Lu Xun's short stories are brought together
in two collections -- Call to Arms and Wandering. Call to
Arms includes 14 works written between1918 and 1922. Works in this
collection were marked by the strong patriotic and revolutionary passion that
prevailed in China during the May 4th Movement. Wandering is made up of
11 stories, reflecting Lu Xun's spiritual depression in the mid-1920s and his
unending search for the truth. Lu Xun cares about peasants' lives very much.
Many stories in Call to Arms and Wandering truthfully depict
peasants' tragic lives after the Revolution of 1911.
The True Story of Ah Q, which is included in Call to Arms, is Lu Xun's most representative
work. The story is set in Chinese society around the Revolution of 1911. The
novel, through describing Ah Q's tragic story of oppression, trying to resist
oppression and being killed by the reactionary forces, reveals the class
confrontations in the rural areas at that time and criticizes the bourgeoisie's
tyranny to and alienation from the masses in leading the 1911
Revolution.
Kong Yiji
describes an intellect inflicted by the imperial examination system. The story
is written with a laconic and simple structure and in concise language. It
castigates the evil of the examination system in trampling and destroying
people's lives.
Hometown
is a short story
known to every household in China. Through the author's first-person witnessing, of
especially boyhood friend Runtu's experience, the story exposes, before reader's eyes,
a picture of the tragic lives led by Chinese peasants in the 1920s. The
story points to the countless tragedies peasants were forced to endure due to
hunger, too many children, heavy taxes, wars, bandits, corrupt officials and cruel
landlords. The author's sympathy for and concern about the benumbed peasants and
their sufferings has stirred the readers' hearts generation after generation
of readers' hearts.
By learning from the concise, flexible
and varied structure of foreign fiction, Lu Xun broke away from the exclusive
form of traditional Chinese fiction, which had been written only in chapters,
to create a new form for modern Chinese fiction. Therefore, Lu Xun is regarsed
as the father of the modem Chinese fiction.

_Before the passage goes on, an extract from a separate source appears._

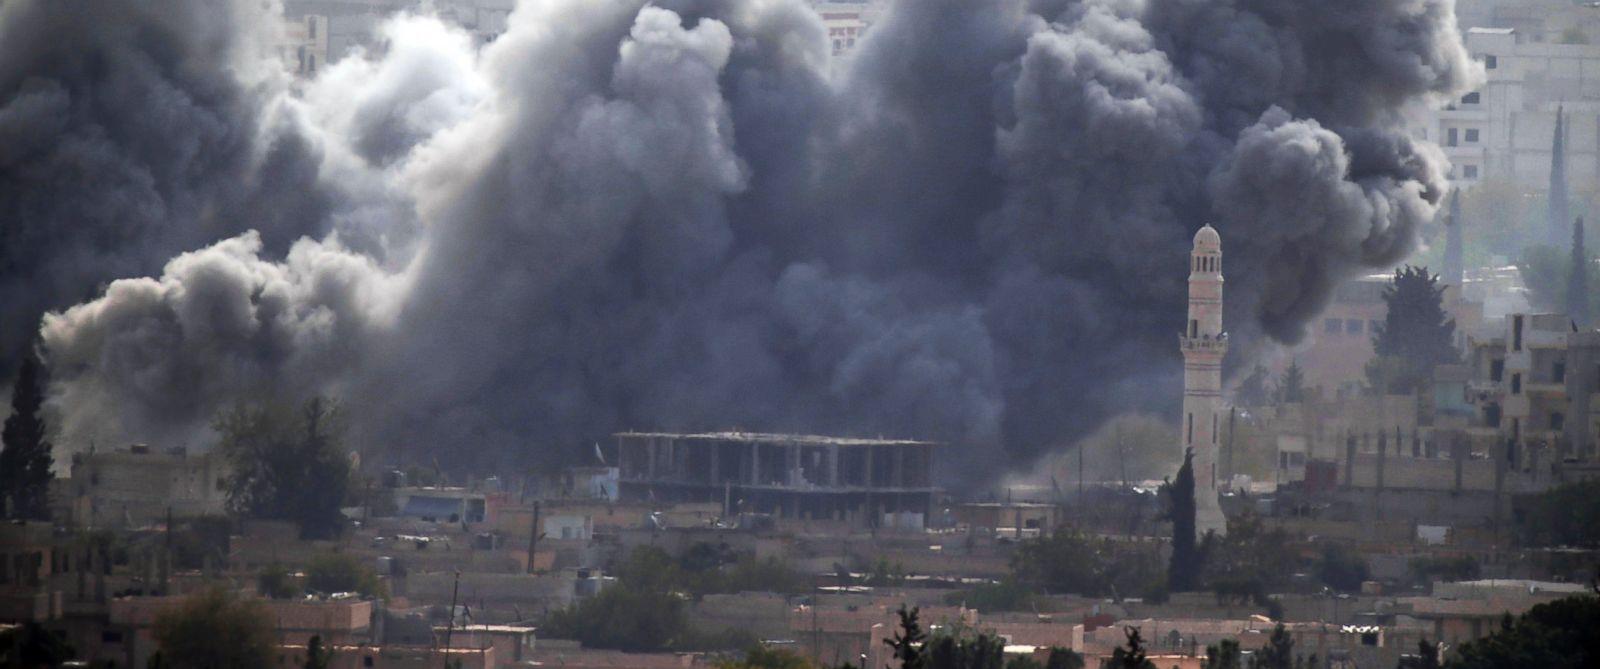 ABD, Irak ve Suriye'de 119 sivili vurdu
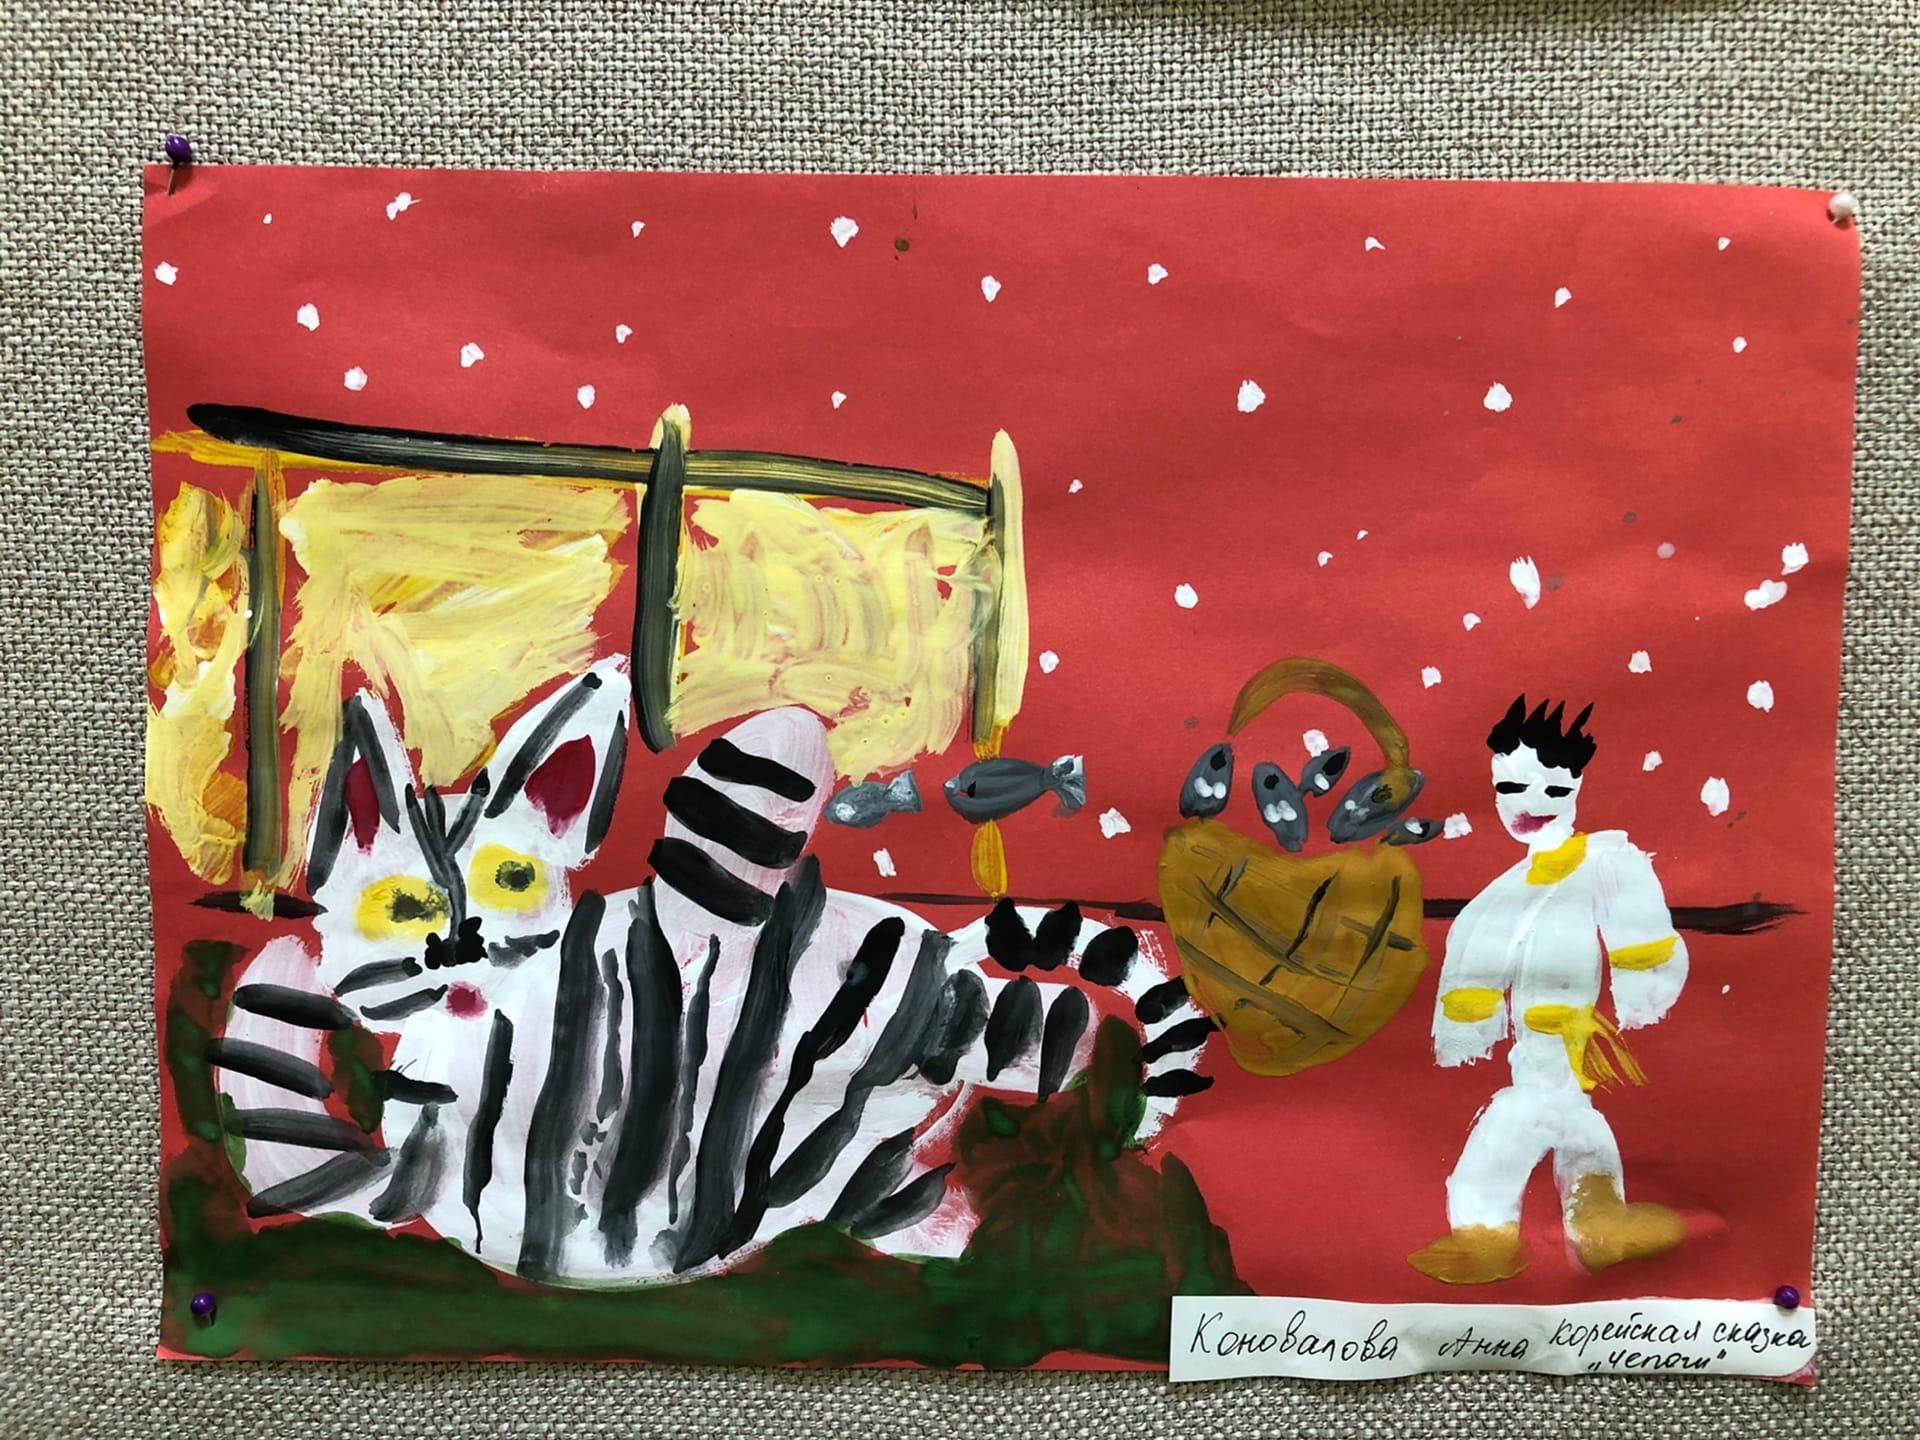 Группа раннего развития (5-6 лет) подготовили выставку художественных работ на тему «Сказки»

Lu Xun wrote stories, poetry, essays,
literary criticism and literary history, most of which reflected the lives of
Chinese people in the early 20th century. Some of his works are:
Gu Shi Xin Bian (Old Tales Retold)
Na Han (Call to Arms)
Pang Huang (Wandering)
Ye Cao (Wild Grass)
A Madman's Diary (1918)
Kong Yi Ji (1919)
Medicine (1919)
A Small Incident (1920)
Storm in a Teacup (1920)
The Story of Hair (1920)
Tomorrow (1920)
My Old Home (1921)
The True Story of Ah Q (1921)
Double Fifth Festival (1922)
Village Opera (1922)
The White Light (1922)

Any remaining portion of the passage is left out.